Advice about online dating in general
Perhaps the most "real" advice I received about online dating came from my friend Ann, who told me I'd need to devote at least an hour every day if I was going to be serious about it. This seemed excessive to me when she first said it, but Ann was absolutely right; while reading new profiles took only a few minutes, responding to communications (whether the 5 questions or short answer essays or especially the full-length eH mails) could easily consume an hour or more each evening. Possibly some might call that time wasted, though I'd contend it was more of an investment (in addition to the financial investment I was already making in eHarmony). Any case, I mention this because the time requirement was, to me, one of the most surprising aspects of online dating.
A couple years ago, in reflecting on my own journey, I made a list of other practical advice I'd like to offer to my friend and anyone else embarking on the online-dating road (though admittedly most of this is just reiterating the standard stuff you'll find in other opinion pieces around the web).

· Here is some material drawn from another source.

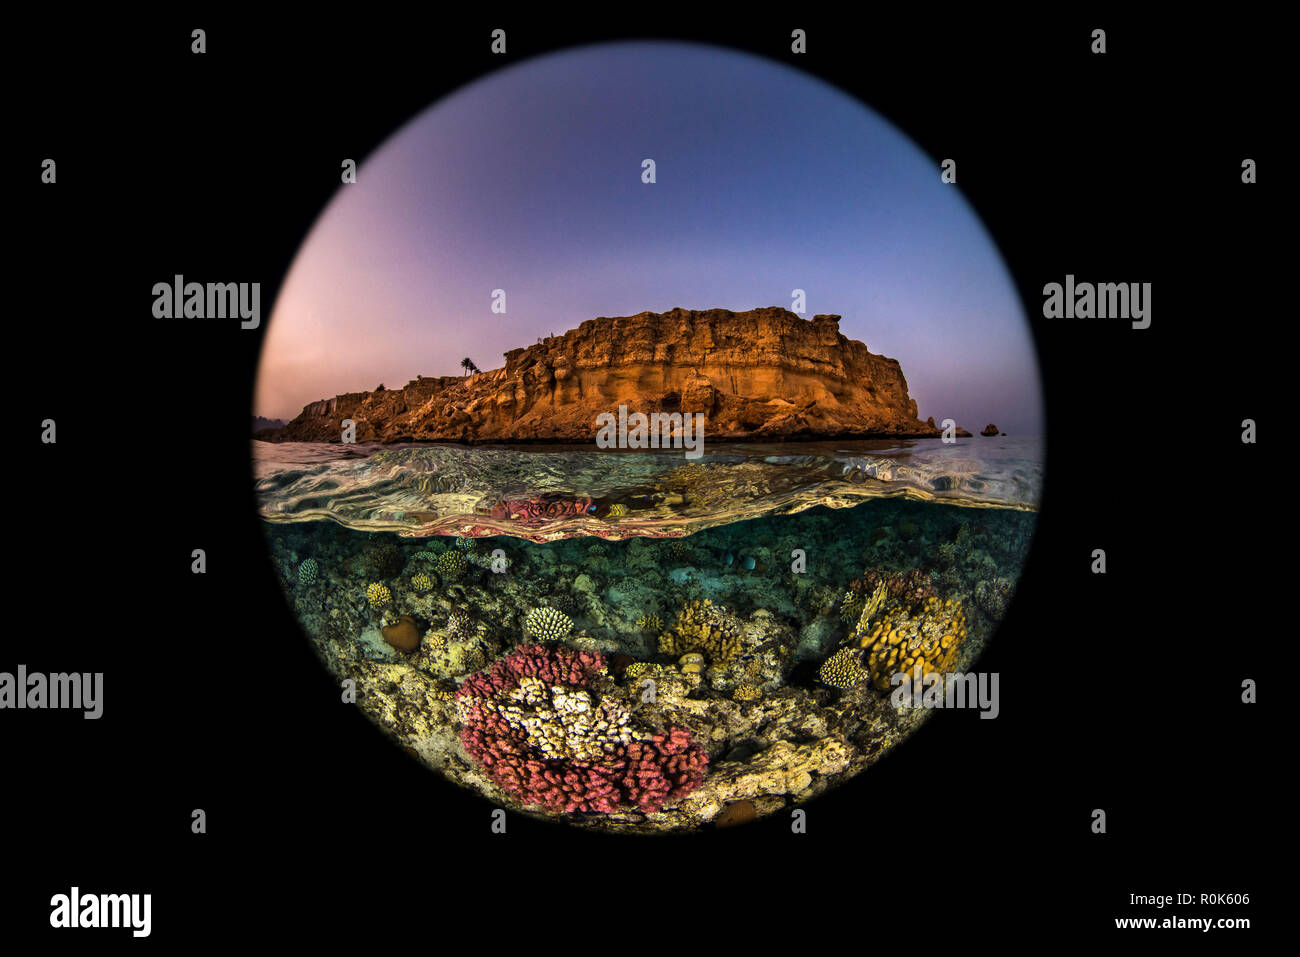 A beautiful coral reef sits just under the surface of the water near a desert mountain. Stock Photo

- plan to spend 2-5 hours in order to set up a quality dating profile; also, the more pictures you upload, the better; choose also a variety of angles & environments - headshot, torso, full-body, group shots with friends, etc
- once you start communicating with your matches, plan to spend at least an hour a day or more on answering questions/mails, and looking at new matches. I never believed my friend when she told me how much work online dating takes, but it does take a serious time commitment. That's not to scare you away, just letting you know it's not something that will only be like 5 minutes a day.
- dating can become expensive if you let it; when suggesting a date, you don't always have to do dinner/lunch (and even then, it's up to you if you pay for both of you or go Dutch, as long as that's communicated in advance). You can also do activities that are free and still fun, like walks in the park, window shopping around the mall, outdoor street/music festivals/shows, etc.
- have standards, but be open to going on a first date with someone who may be on the periphery of what you thought you were interested in. I'll once again commend the book How to Get a Date Worth Keeping by Dr. Henry Cloud.
- try not to take it personally if someone you were interested in doesn't respond, or blocks you. I'd guesstimate that less than 5% of the women to whom I sent 5 questions ever responded, and of those only a handful resulted in an actual in-person date. It's a numbers game. One of my guy-friends joined eH and then was SUPER picky about who he'd send 5Qs to (like, on the order of one woman a week). I wasn't surprised when he complained to me that he wasn't having any success. On my end, I would send 5Qs to anyone I thought looked even remotely interesting, probably a few dozen each week. Like I said, most didn't respond, but of the ones who did and with whom I messaged and eventually went out, we had a really great time.
- following on to the above two points, if you do see a [figurative] red flag on someone's profile, it's okay to block them and move on; this is also why I didn't take it personally when the same happened to me, because who knows what red flags she might have seen on my profile - you should never have to try to convince someone to go out with you.
- if, during a first date, you decide you're interested in a second date, say so; and try to pick a time before ending the first date. While there is the risk that a lot of people aren't good at saying "no" (so they might cancel later, or might cancel for reasons not at all related to you, like another date they went on has developed into something more), I still found it very effective to "make the ask" for the second date before ending the first one.
- try to avoid putting all your hopes and dreams for the future on one person; it's unfair to both you and them.
- find a reasonable-to-you balance between going on dates, and investing time in your existing friendships and family. They're the ones who'll still be there to reassure you when a date/relationship goes south.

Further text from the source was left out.